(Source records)

--------------------------------

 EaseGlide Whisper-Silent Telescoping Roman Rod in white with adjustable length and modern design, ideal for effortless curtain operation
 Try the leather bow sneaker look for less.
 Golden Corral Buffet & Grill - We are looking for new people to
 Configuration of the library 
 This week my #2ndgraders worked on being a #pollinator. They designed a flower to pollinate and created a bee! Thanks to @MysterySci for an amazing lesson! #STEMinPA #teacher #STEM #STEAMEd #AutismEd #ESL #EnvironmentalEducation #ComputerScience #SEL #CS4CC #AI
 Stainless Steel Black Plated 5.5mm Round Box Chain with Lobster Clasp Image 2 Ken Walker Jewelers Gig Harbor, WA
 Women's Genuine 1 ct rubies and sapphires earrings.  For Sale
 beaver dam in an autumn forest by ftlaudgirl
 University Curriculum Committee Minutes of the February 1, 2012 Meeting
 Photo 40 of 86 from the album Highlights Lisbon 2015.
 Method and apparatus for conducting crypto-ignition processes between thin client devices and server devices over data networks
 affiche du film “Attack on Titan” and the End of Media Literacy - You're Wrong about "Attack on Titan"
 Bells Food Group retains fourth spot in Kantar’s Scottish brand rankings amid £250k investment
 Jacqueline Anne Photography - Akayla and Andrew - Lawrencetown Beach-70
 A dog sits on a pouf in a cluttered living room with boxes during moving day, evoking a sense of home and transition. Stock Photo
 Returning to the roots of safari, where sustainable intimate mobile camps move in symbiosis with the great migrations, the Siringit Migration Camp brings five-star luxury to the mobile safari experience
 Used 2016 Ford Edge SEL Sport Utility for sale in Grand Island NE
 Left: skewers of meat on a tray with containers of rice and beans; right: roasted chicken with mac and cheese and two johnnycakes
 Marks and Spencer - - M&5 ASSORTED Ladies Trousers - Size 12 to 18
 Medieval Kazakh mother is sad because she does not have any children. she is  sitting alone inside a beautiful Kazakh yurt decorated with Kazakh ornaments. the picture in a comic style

--------------------------------

> _Directions for this task_: Reproduce the data shown above with every line intact.

> _Result of the task_:
 EaseGlide Whisper-Silent Telescoping Roman Rod in white with adjustable length and modern design, ideal for effortless curtain operation
 Try the leather bow sneaker look for less.
 Golden Corral Buffet & Grill - We are looking for new people to
 Configuration of the library 
 This week my #2ndgraders worked on being a #pollinator. They designed a flower to pollinate and created a bee! Thanks to @MysterySci for an amazing lesson! #STEMinPA #teacher #STEM #STEAMEd #AutismEd #ESL #EnvironmentalEducation #ComputerScience #SEL #CS4CC #AI
 Stainless Steel Black Plated 5.5mm Round Box Chain with Lobster Clasp Image 2 Ken Walker Jewelers Gig Harbor, WA
 Women's Genuine 1 ct rubies and sapphires earrings.  For Sale
 beaver dam in an autumn forest by ftlaudgirl
 University Curriculum Committee Minutes of the February 1, 2012 Meeting
 Photo 40 of 86 from the album Highlights Lisbon 2015.
 Method and apparatus for conducting crypto-ignition processes between thin client devices and server devices over data networks
 affiche du film “Attack on Titan” and the End of Media Literacy - You're Wrong about "Attack on Titan"
 Bells Food Group retains fourth spot in Kantar’s Scottish brand rankings amid £250k investment
 Jacqueline Anne Photography - Akayla and Andrew - Lawrencetown Beach-70
 A dog sits on a pouf in a cluttered living room with boxes during moving day, evoking a sense of home and transition. Stock Photo
 Returning to the roots of safari, where sustainable intimate mobile camps move in symbiosis with the great migrations, the Siringit Migration Camp brings five-star luxury to the mobile safari experience
 Used 2016 Ford Edge SEL Sport Utility for sale in Grand Island NE
 Left: skewers of meat on a tray with containers of rice and beans; right: roasted chicken with mac and cheese and two johnnycakes
 Marks and Spencer - - M&5 ASSORTED Ladies Trousers - Size 12 to 18
 Medieval Kazakh mother is sad because she does not have any children. she is  sitting alone inside a beautiful Kazakh yurt decorated with Kazakh ornaments. the picture in a comic style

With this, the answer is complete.